3. Web Scraper (clawutils web scrape)

The web scraper turns arbitrary web pages into clean, normalized Markdown that is suitable for ingest into Clawkb or other knowledge bases.

3.1 Quickstart

Fetch a page and save it as a Markdown file:

clawutils web scrape "https://example.com/article" > article.md

Typical usage with Clawkb:

# In Clawkb repo
export CLAWKB_SCRAPE_CMD="clawutils web scrape {url}"
python -m clawkb ingest --url "https://example.com/article"

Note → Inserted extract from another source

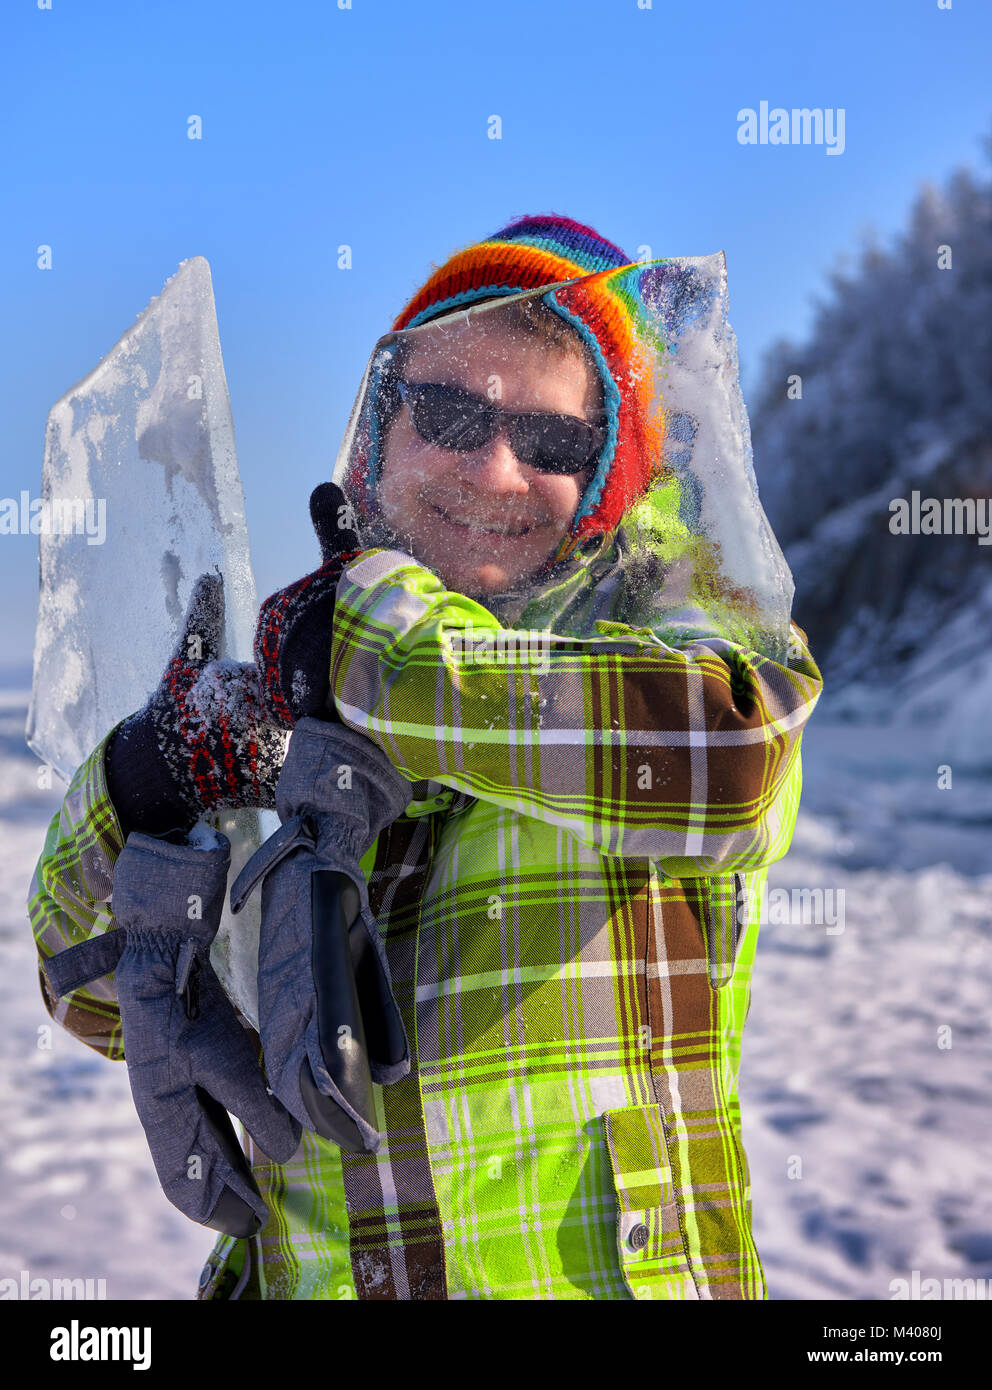 Feliz compañeros mira a través de una fina capa de hielo de Baikal hummock sujeta en su mano. Positivo de recreación y diversión de invierno en Siberia. Foto de stock

See below for more details.

3.2 Basic usage

clawutils web scrape "https://example.com/article" > out.md

Output format:

--- METADATA ---
Title: ...
Author: ...
Site: ...
FinalURL: ...
Extraction: readability|fallback-container|body-innerText|github-raw-fast-path
FallbackSelector: ...   # only when Extraction != readability
--- MARKDOWN ---
<markdown body>
  • METADATA block contains basic fields for downstream tools.
  • MARKDOWN section is the cleaned article body.

3.2 Features

  • Readability‑based extraction: uses @mozilla/readability to locate the main article content and strip navigation/ads/noise.
  • Fallback heuristics: if Readability fails, falls back to likely content containers (#js_content, article, main, etc.), then to document.body.innerText as a last resort.
  • GitHub Fast Path: for github.com URLs, tries to fetch raw README (e.g. README.md, README_zh.md) directly via HTTP without launching a browser, for speed and lower resource usage.
  • Metadata & debugging:
    • Includes Extraction mode and optional FallbackSelector.
    • When content is too short, emits debug info and a screenshot (/tmp/scrape-fail-<ts>.png) to help diagnose issues.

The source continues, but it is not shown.